I refused to acknowledge my therapist's diagnosis and her request that I get more help and consider medication when I could have. I held on until I shattered into tiny broken pieces. Dieties and scientific principles bless my husband, he helped my broken self get to the help I desperately needed.
Now I'm back trying to learn how to bring myself back into life without risking another major breakdown. Most days I stay inside and sometimes pop online. Bad days I stay in a room and read. I'm getting slowly better, but the wrong social situation can leave me shaking and emotionally all over the place for a couple days. I still get way too involved trying to help people who may not even want to be helped. I still feel obligated to rush to assist, but I can at least stop and say no now. I can realize when a situation isn't good for me, and I can do so with only minimal guilt.
I don't go out much, but people come by regularly, and that's good. I don't have many bad days, but I don't really have good days much either. It's still probably a two to one ratio, but that's much better than it was. I self medicate with alcohol much less-though I was never very bad for it, but worse than I should have been.

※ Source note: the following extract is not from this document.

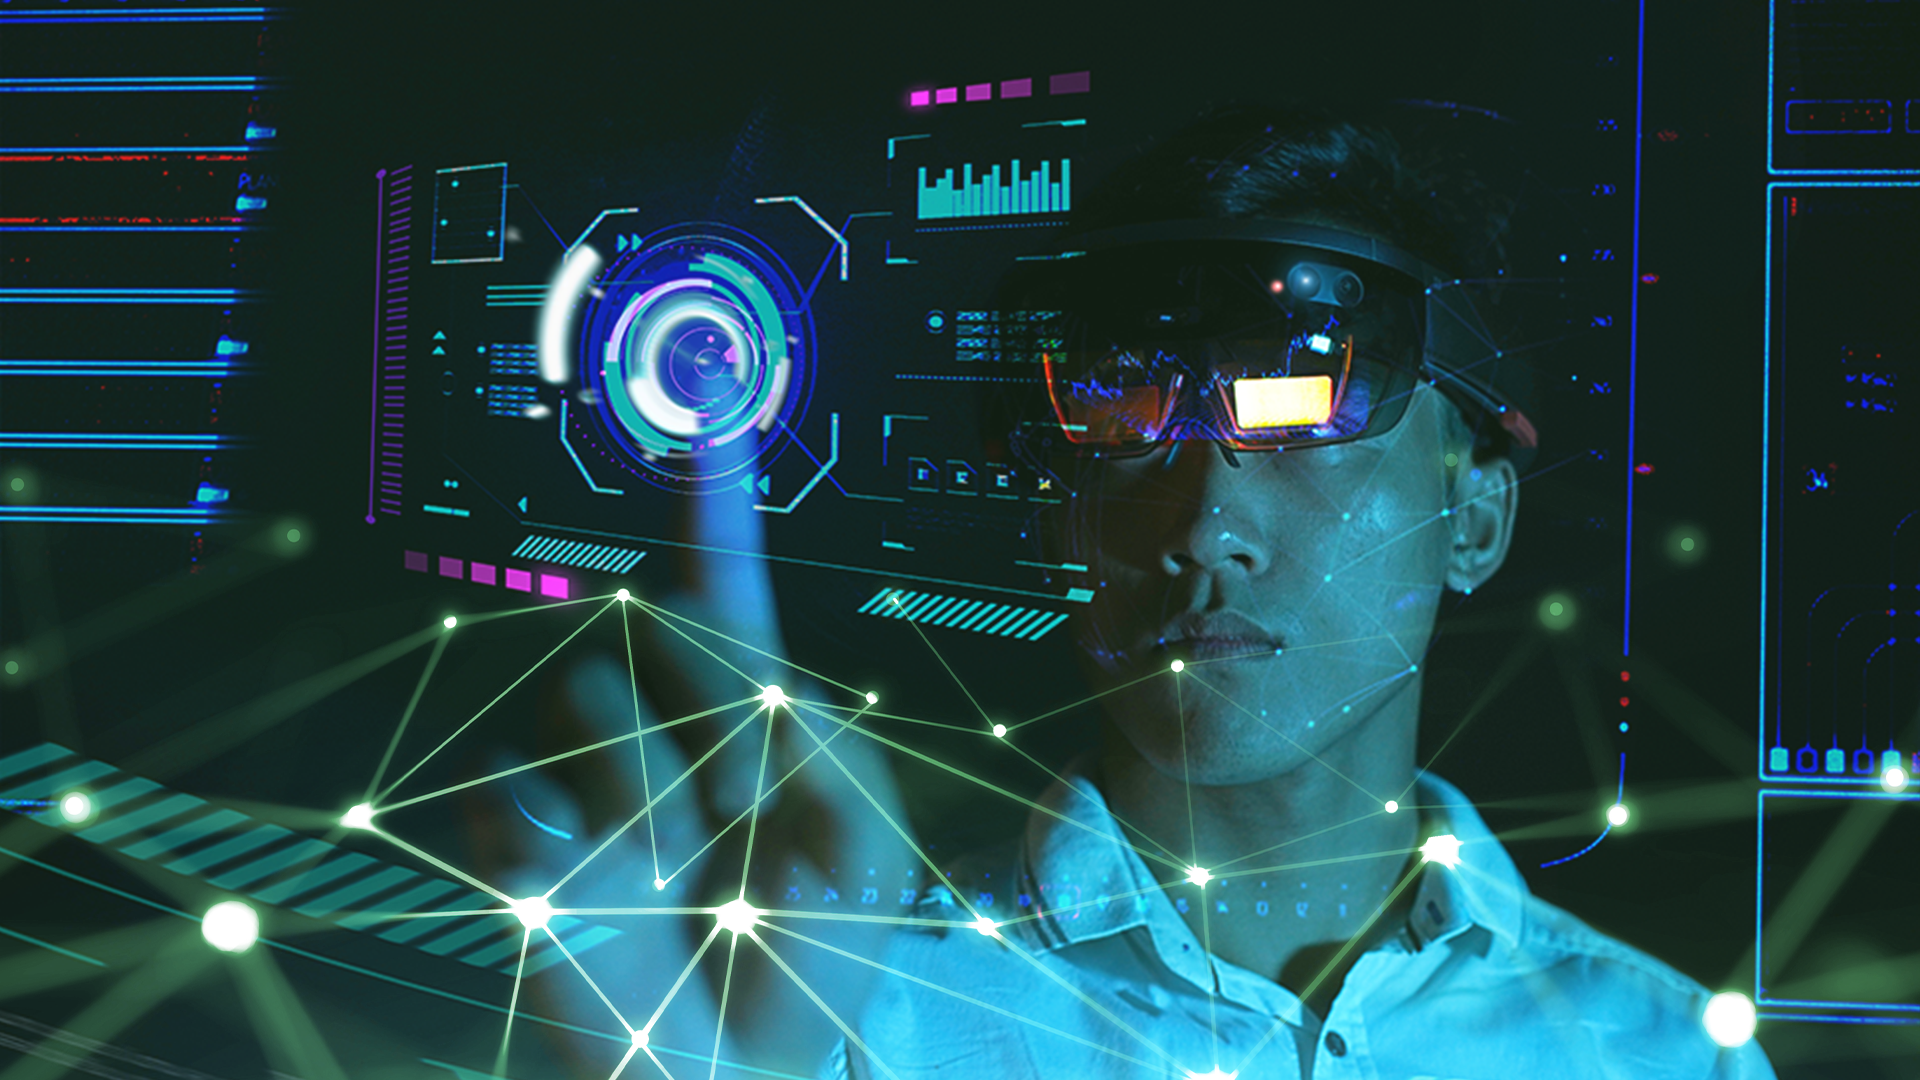 Internet, Sicherheit, Virtual Reality, VR, Augmented Reality, Headset, Augmented-Reality, HoloLens, AR, VR-Brille, VR-Headset, Microsoft HoloLens, Mixed Reality, Windows Holographic, Windows Mixed Reality, HoloLens 2, Microsoft HoloLense, VR Headset, Argumente, Mixed-Reality

I'm starting to set boundaries now, and that's good. I'm trying to get to the point where I can see my life outside my house. Then the next step will be working towards it. I still can't drive, just getting behind the wheel makes me shake uncontrollably.
One step at a time, I'm trying to put myself back together. It's a long work and I should have listened, but I didn't want to be broken, I didn't want to be on meds and I didn't want that stigma. Now I'm paying for it. At least with that, I know that I won't let that mistake happen again.